Eventually I was able to find other ways to cope that worked better for me than going to meetings, but some people find that meetings work for them, and they spend the rest of their lives going.
There are many people who do not believe in a traditional God who still find alcoholics anonymous meetings very beneficial. I don’t know that I necessarily believe in traditional God, but does it really matter? I don’t think it does. Step 3 sums it up the best: Made a decision to turn our will and our lives over to the car of God as we understood him. "As we understood Him" is the statement that fits my beliefs most. I absolutely believe that there is something out there that is greater than me, but that doesn’t mean it has to be God or a God-like symbol.

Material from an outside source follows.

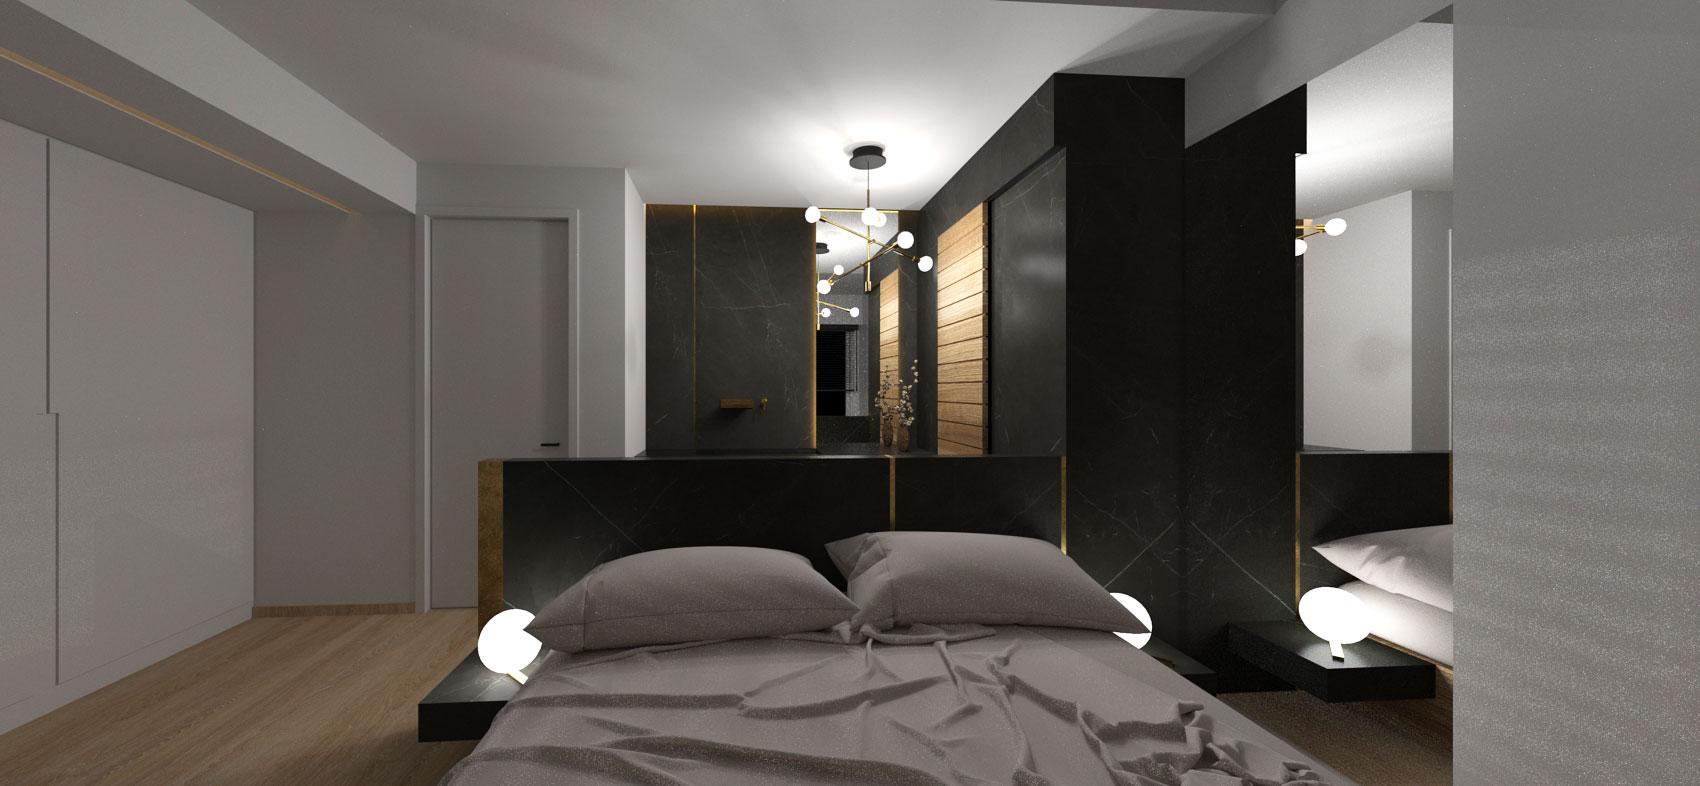 archicostudio_house-yk16_master2

The word 'God' in AA is a term to signify a higher power of any kind, no matter what that power feels like for each person. And quite honestly, if you don’t believe in any kind of higher power right now, that’s okay too. Just keep going. That’s really as simple as it is, especially early on in recovery or when you are struggling in your recovery.

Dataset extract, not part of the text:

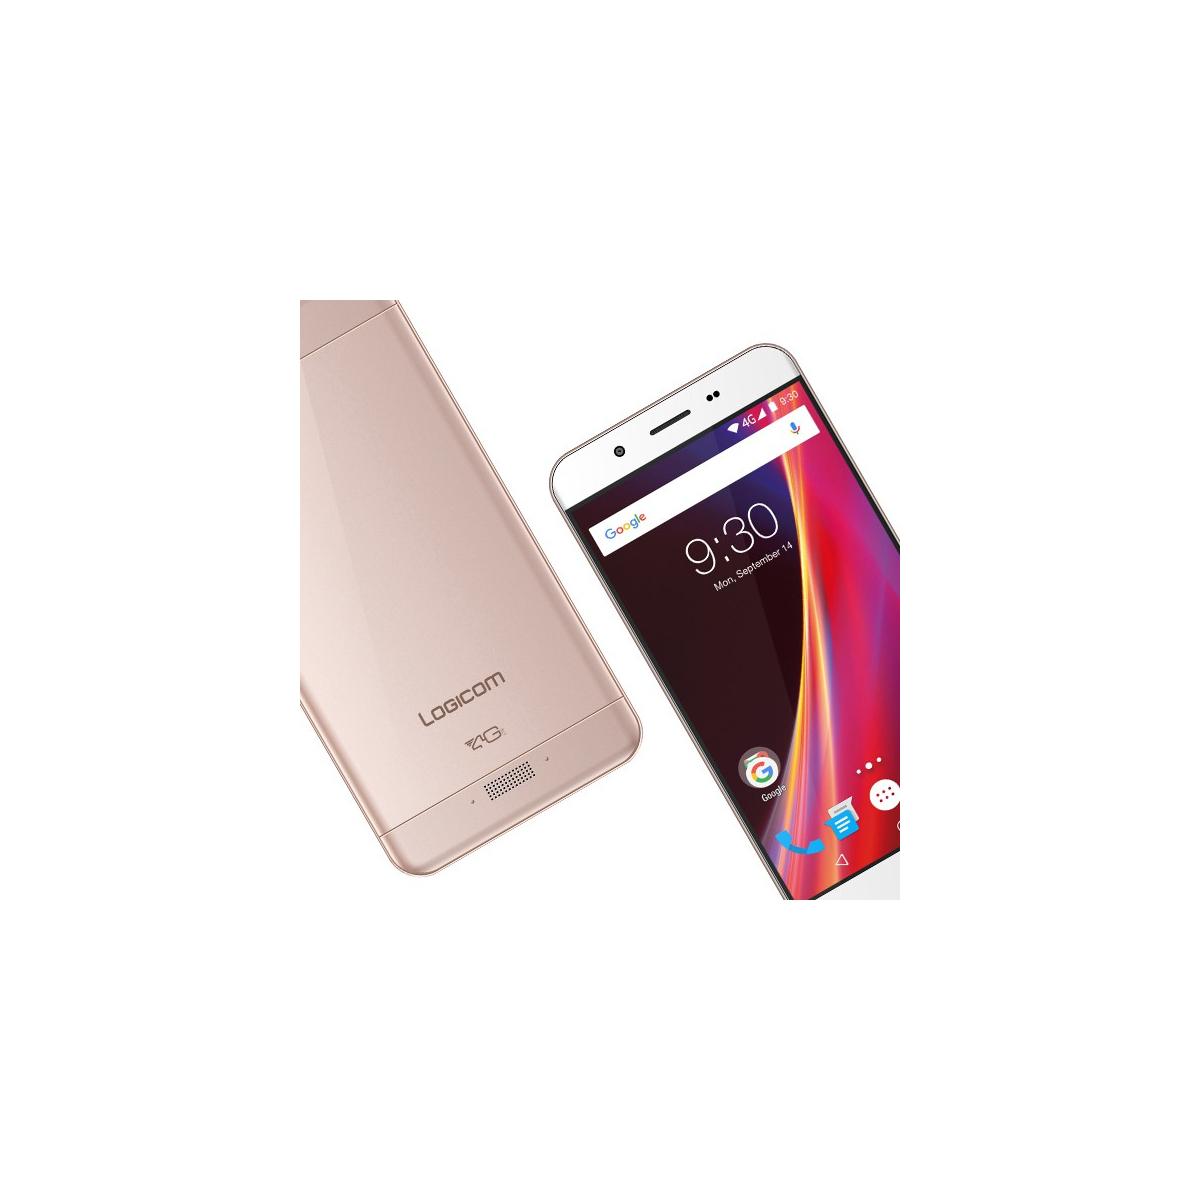 smartphone 5 39 39 ips hd quadcore 16go google play l. Black Bedroom Furniture Sets. Home Design Ideas

Yes! The goal is to be able to walk into a meeting with an open mind, and be willing to accept help and get something positive out of the meeting. I personally don’t go to NA, AA or 12 step meetings anymore, but when I did go, I was always able to find something positive to take from the meeting. You will find people in AA that you don’t like, don’t get along with, or just can’t stand what they have to say because it’s so different from what you believe, like in all other parts of your life. But that doesn’t matter. You take what you can and you leave the rest. That doesn’t mean you have to go to meetings you don’t like. There are millions of meetings all over the world. Find one that works for you! Keep trying new ones until you find a place that feels comfortable and helpful for you. There’s no reason to force yourself to go to a meeting that you don’t like. Don’t be discouraged – just keep going. That’s it.

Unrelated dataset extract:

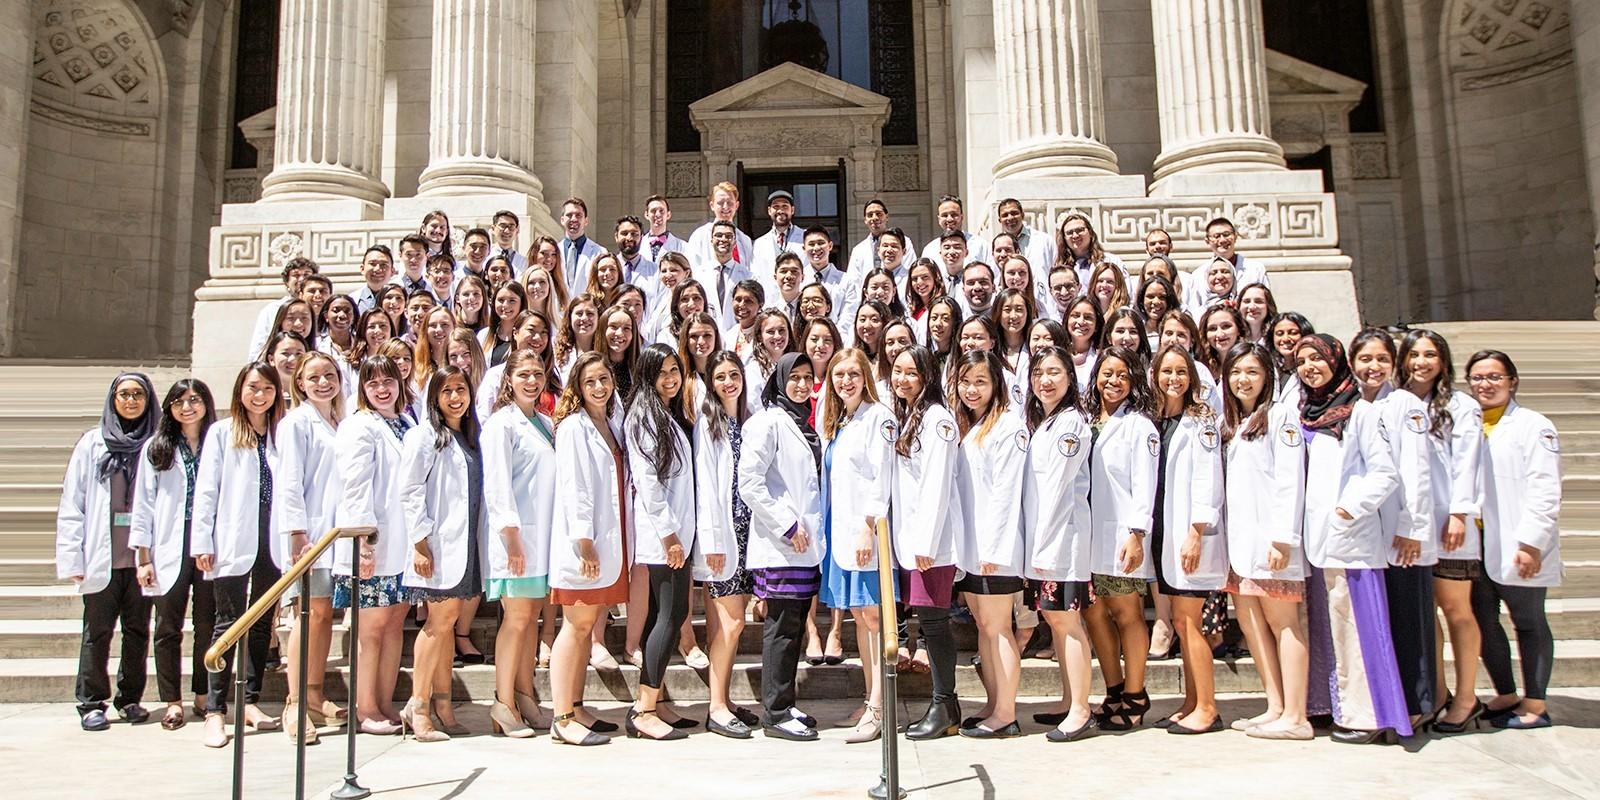 State University of New York College of Optometry | LinkedIn

Sometimes I would find 12 step meetings incredibly inspiring, and sometimes I left the meeting wishing I had just stayed home and watched TV. Regardless of the meeting, though, I was always glad I went because it was such an important part of my recovery in the beginning, and I believe it’s part of why I’m able to just do what works for me these days instead of feeling pressured to go to meetings.
Just don’t give up. Don’t get discouraged by meetings or what seems like the religious component of AA. If you really can’t get past that, there are other types of meetings as well that aren’t based on the 12 steps. There are secular organizations and agnostic groups, which I’ll talk about in more detail in a later post.